DEMOCRACY WALL | Harsh Mander

August 15, 2006

Velmurugan and Ramesh, who study in high school in Tamil Nadu's
Coimbatore district, are good friends. Yet, Ramesh can never visit his
classmate's home because Velmurugan lives in the Dalit colony.
Velmurugan's hut has no electricity, so he often goes to his
upper-caste friend's home to study. He is the brighter student, and
helps Ramesh in his school work. But he is never permitted to proceed
beyond the verandah, and is rarely offered food. The few days that he
does eat in his friend's home, it is on a separate plate earmarked for
the Dalit house servant.

Children in rural India learn early the rules of caste, even as their
country races into the 21st century.
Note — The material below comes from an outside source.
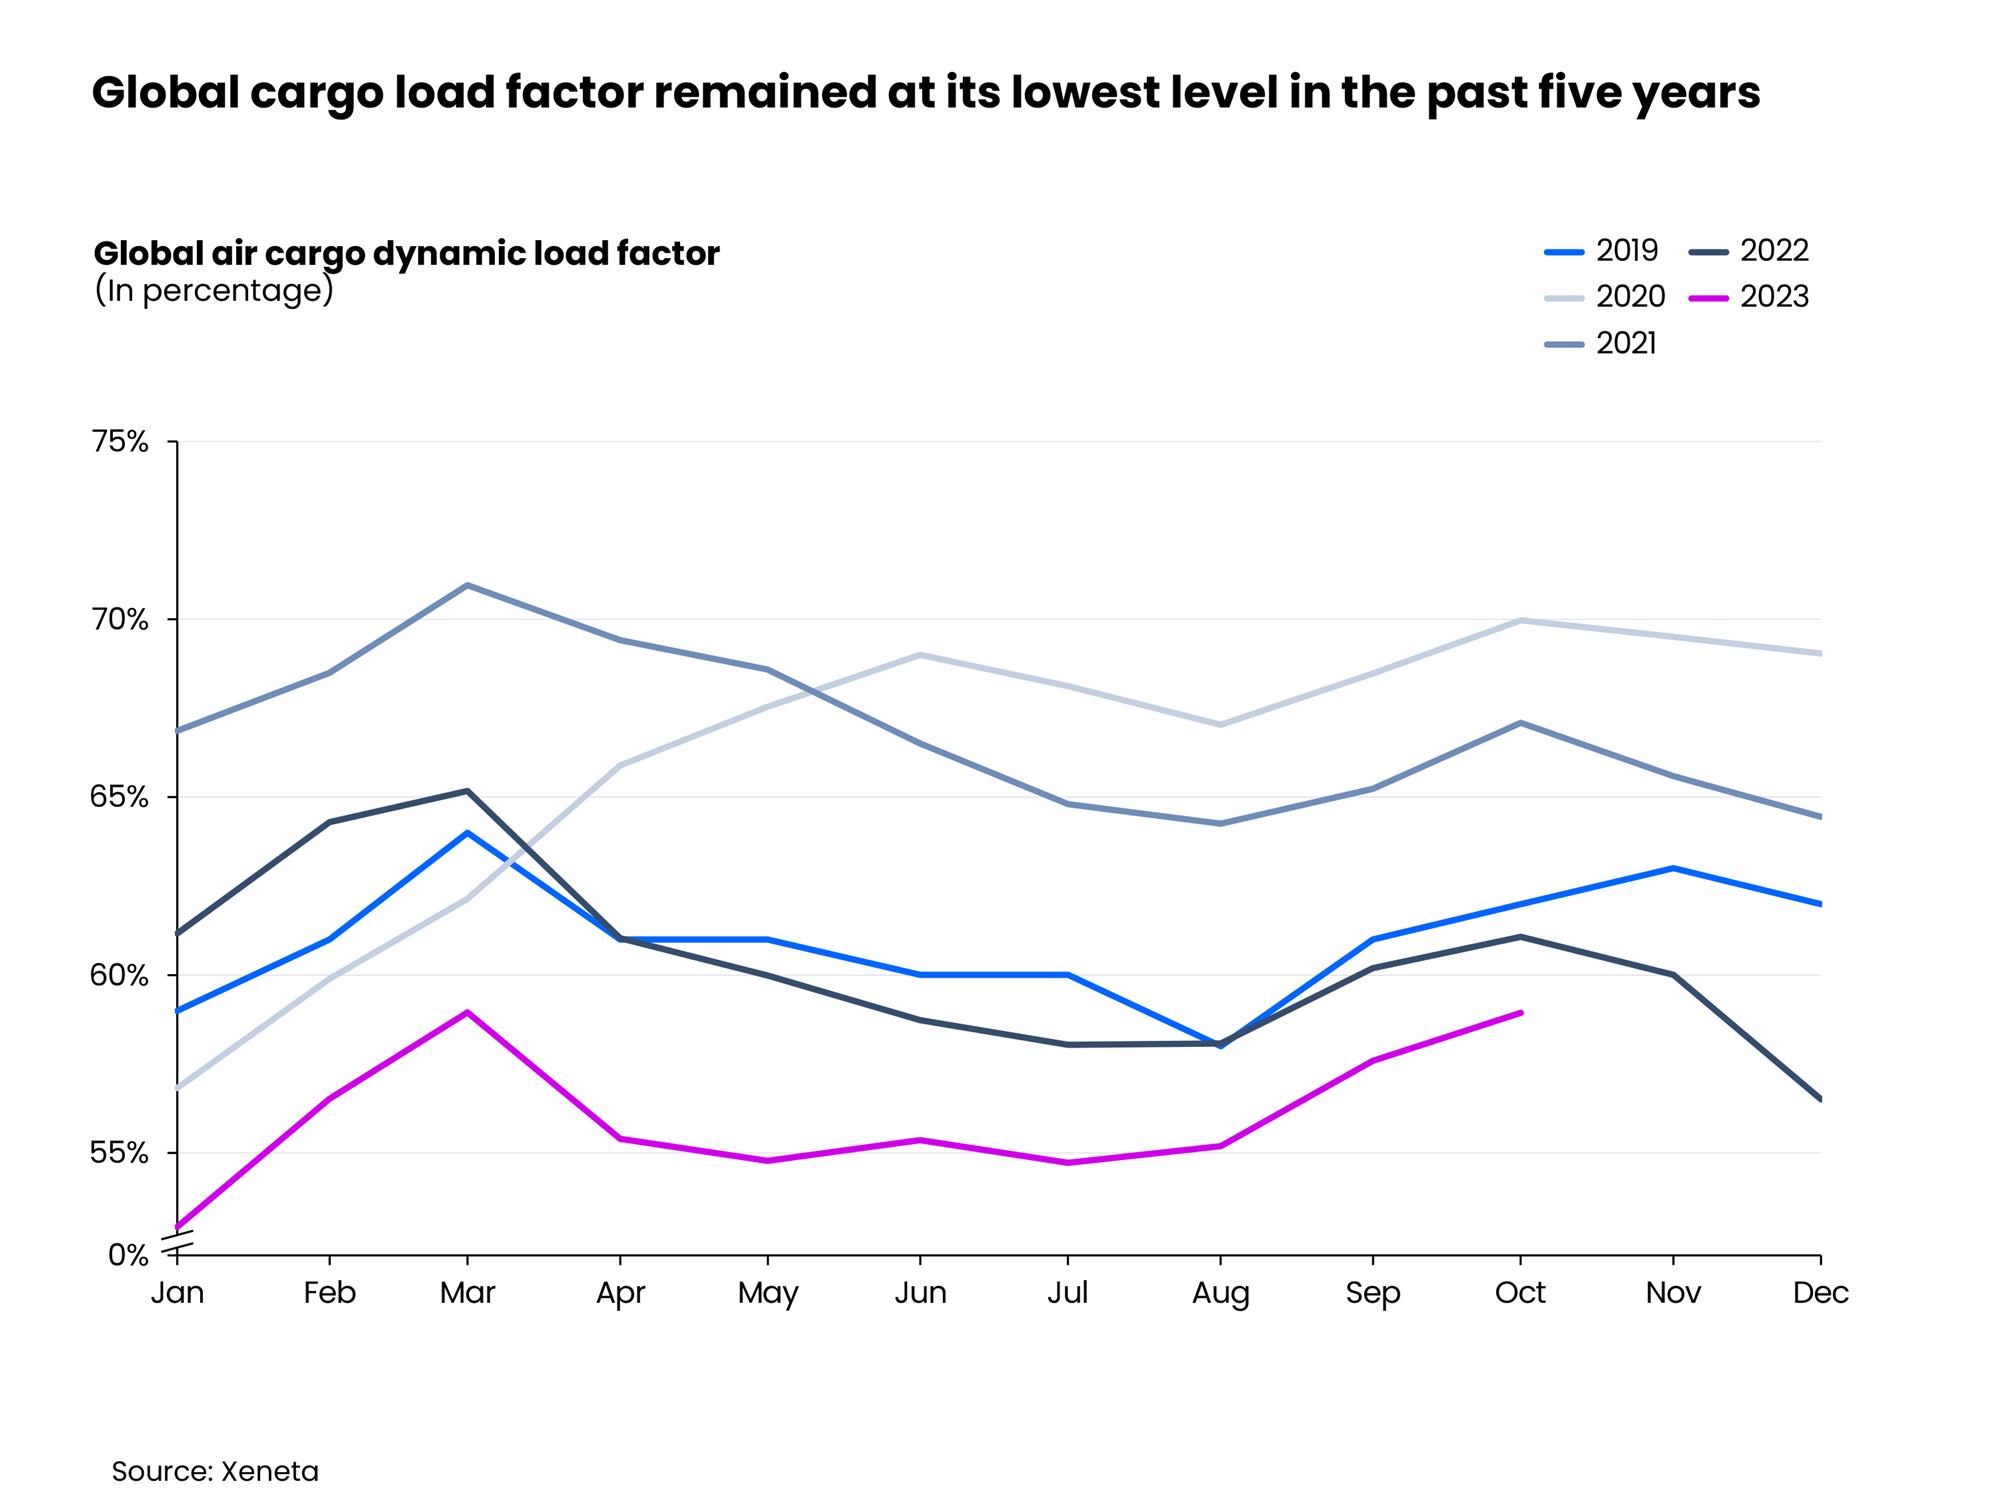 Self Photos / Files - Global cargo load factor remained at its lowest level in the past five years

A survey of practices of
untouchability in 565 villages in 11 states reveals that in as many as
38 per cent government schools, Dalit children are made to sit
separately while eating. In 20 per cent schools, Dalit children are
not permitted to drink water from the same source.
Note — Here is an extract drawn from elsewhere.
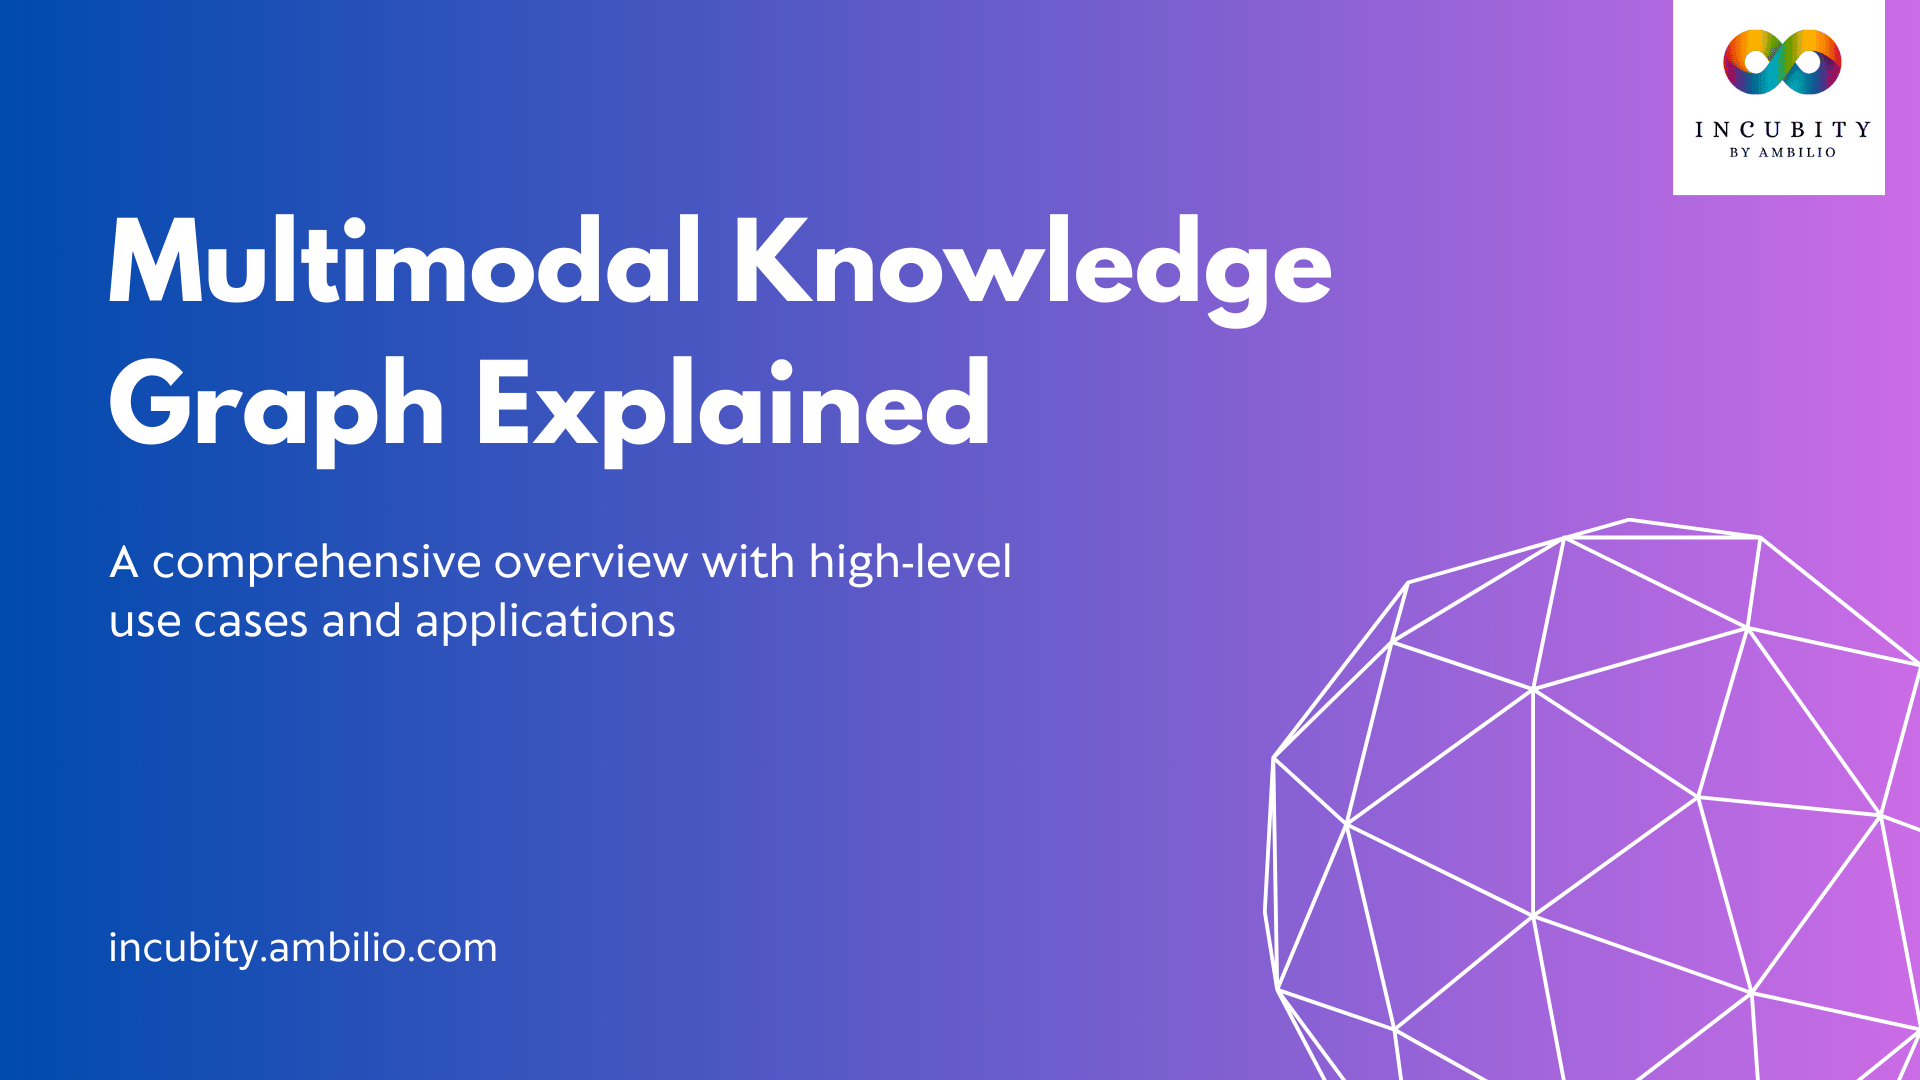 Multimodal Knowledge Graph: A Comprehensive Overview

The recently released report of perhaps the first nationwide survey of
the continued prevalence of untouchability, jointly authored by
Ghanshyam Shah, Sukhadeo Thorat, Satish Deshpande, Amita Baviskar and
myself, finds such untouchability in all local state institutions. A
shocking 27.6 per cent Dalits are prevented from entering police
stations and 25.7 from ration shops. Thirty-three per cent public
health workers refuse to visit Dalit homes and 23.5 per cent Dalits
still do not get letters delivered to their homes. Segregated seating
for Dalits was found in 30.8 self-help groups and cooperatives, and
29.6 per cent panchayat offices. In 14.4 per cent villages, Dalits
weren't permitted to enter the panchayat building. They were denied
access to polling booths, or forced to form separate lines in 12 per
cent of the villages surveyed. Despite being charged with a
constitutional mandate to promote social justice, various local
institutions of the Indian-State clearly tolerate and even facilitate
the practice of untouchability.

Dalit settlements are most often segregated from the main village.
Such traditions are reproduced by government, when building Indira
Awaas housing colonies for Dalits, or by NGOs such as in the post-2001
earthquake reconstruction programmes in Gujarat. In nearly half the
surveyed villages (48.4 per cent), Dalits were denied access to water
sources. In over a third Dalits were denied entry into village shops.
They had to wait some distance from the shop, the shopkeepers kept the
goods they bought on the ground and accepted their money similarly
without direct contact. In teashops, Dalits were denied seating and
had to use separate cups.

There was found to be great, and at times violent, intolerance of
displays of well-being, or public celebrations by Dalits. In many
villages, bans operated on wedding processions on public (arrogated as
upper-caste) roads. In 10 to 20 per cent villages, Dalits weren't
allowed even to wear fashionable clothes or sunglasses. They could not
ride their bicycles, unfurl their umbrellas, wear chappals on public
roads, smoke or stand without head bowed. Restrictions on their entry
into Hindu temples averaged 64 per cent in 11 states, ranging from 47
per cent in UP to 94 per cent in Karnataka.

The research established that such restrictions endured even after
conversion of Dalits to egalitarian faiths. In punjab, 41 of the 51
villages surveyed reported separate gurdwaras for Dalit Sikhs. Dalits
who worshipped in gurdwaras frequented by upper-caste Jats were served
in separate lines at the langar and were not permitted to prepare or
serve the sacred food. In Maharashtra, despite mass conversions of the
Mahars to Buddhism, Dalits were denied temple entry in 51 per cent
villages. In Kerala and Andhra, there are  divisions in the church
between Dalit converts and others, and discrimination even against
ordained Dalit priests.

Untouchability persists even into death. In nearly half the villages,
Dalits were debarred from access to cremation grounds. In Maharashtra,
Dalits have their own cremation grounds but these are permitted only
on the eastern side of the village, so that the upper-castes aren't
polluted by the winds that pass from west to east.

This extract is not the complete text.